[Data for this exercise]

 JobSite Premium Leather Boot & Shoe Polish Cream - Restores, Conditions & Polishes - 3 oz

[/Data for this exercise]
[Data for this exercise]

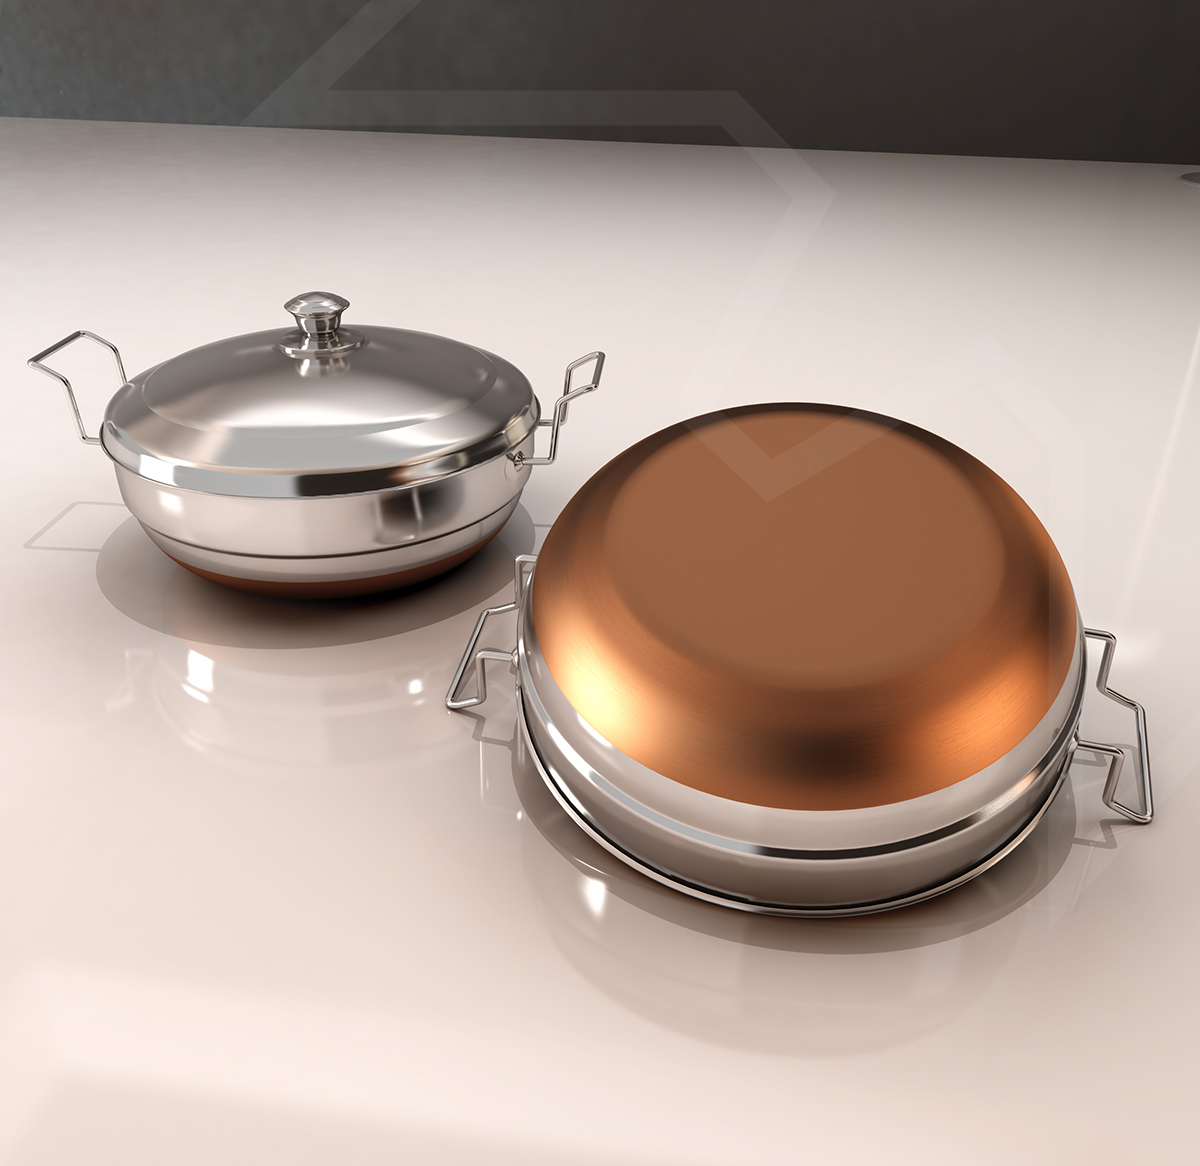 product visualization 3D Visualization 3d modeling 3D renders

[/Data for this exercise]
[Data for this exercise]

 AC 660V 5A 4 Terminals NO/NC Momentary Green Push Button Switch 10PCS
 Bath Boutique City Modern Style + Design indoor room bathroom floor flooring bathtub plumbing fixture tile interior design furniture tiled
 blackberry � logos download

[/Data for this exercise]

**Work item**:
Lines wanted from the listing above: the line with "AC 660V 5A 4" up to and including the line with "blackberry � logos download". Please write them out exactly, adding nothing else.

**Answer below**:
 AC 660V 5A 4 Terminals NO/NC Momentary Green Push Button Switch 10PCS
 Bath Boutique City Modern Style + Design indoor room bathroom floor flooring bathtub plumbing fixture tile interior design furniture tiled
 blackberry � logos download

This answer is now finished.